Last updated on:a year ago

A well chose initialization of filter weights can speed up your learning systems. I want to make a summary of some advanced weight initialization methods in this blog.

What is Initialization?

When you train your learning systems, you should first set the parameters of the systems. Better values of parameters can later be obtained by updating.

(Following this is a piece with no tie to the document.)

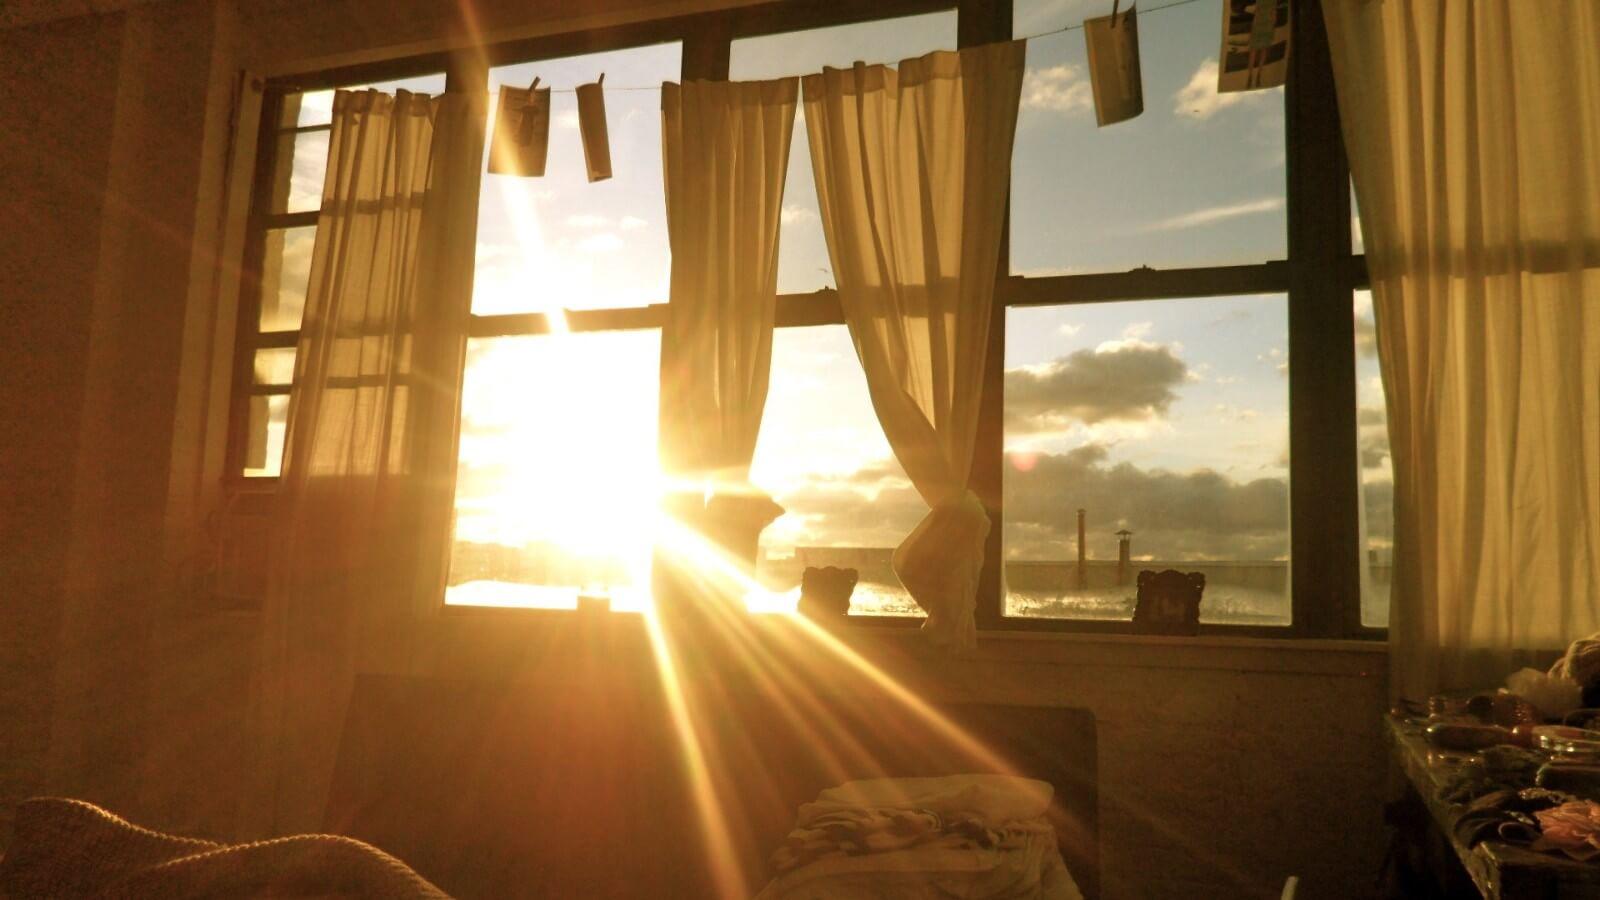 تاثیر پنجره نورگیر در مصرف انرژی

A well-chosen initialization can:

  • Speed up the convergence of gradient descent

  • Increase the odds of gradient descent converging to a lower training (and generalization) error

Initializing weights to very large random values does not work well.

Zeros initialization

Zeros initialization means you initialize your learning systems rate with 0 value, which is harmful, which leads to network failing break symmetry and $n^{[l]} = 1$.

Symmetry breaking

A phenomenon in which (infinitesimally) small fluctuations acting on a system crossing a critical point decide the systems’ fate, by determining which branch of a bifurcation is taken.

Random initialization

Gaussian distributions initialization

$$Var[W^i] = \sigma^2$$

$$W\sim \mathcal{N} (0, \sigma^2)$$

N means normal distribution.

Advantages

  • Symmetry is broken so long as $W^{[l]}$ is initialized randomly.

Shortcoming

  • As the result of fixed standard deviations, very deep models (> 8 conv layers) have difficulties to converge.

Xavier initialization

$$Var[W^i] = \frac{2}{n_i + n_{i+1}}$$

$$W\sim U[-\frac{\sqrt{6}}{\sqrt{n_j + n_{j+1}}}, \frac{\sqrt{6}}{\sqrt{n_j + n_{j+1}}}]$$

U means continuous uniform distribution.

$$f(n) =
\begin{cases}
\frac{1}{b-a}, & \text{for $a\leq x\leq b$} \\ 0, & \text{for $x<a$ or $x>b$}
\end{cases}$$

He initialization

$$Var[W^i] =\sqrt{\frac{2}{n_l}}$$

$$W\sim \mathcal{N} (0, \sqrt{\frac{2}{n_l}})$$

Multiply $\sqrt{\frac{2}{layers-dims[l - 1]}}$ when initializing $W^{[l]}$

Xavier initialization vs. He initialization

The former is for linear activation functions only, but the latter is also valid by taking ReLU/PReLU into account.

Reference

[1] Deeplearning.ai, Improving Deep Neural Networks: Hyperparameter Tuning, Regularization and Optimization

[2] He, K., Zhang, X., Ren, S. and Sun, J., 2015. Delving deep into rectifiers: Surpassing human-level performance on imagenet classification. In Proceedings of the IEEE international conference on computer vision (pp. 1026-1034).

[3] Glorot, X. and Bengio, Y., 2010, March. Understanding the difficulty of training deep feedforward neural networks. In Proceedings of the thirteenth international conference on artificial intelligence and statistics (pp. 249-256). JMLR Workshop and Conference Proceedings.

[4] Continuous uniform distribution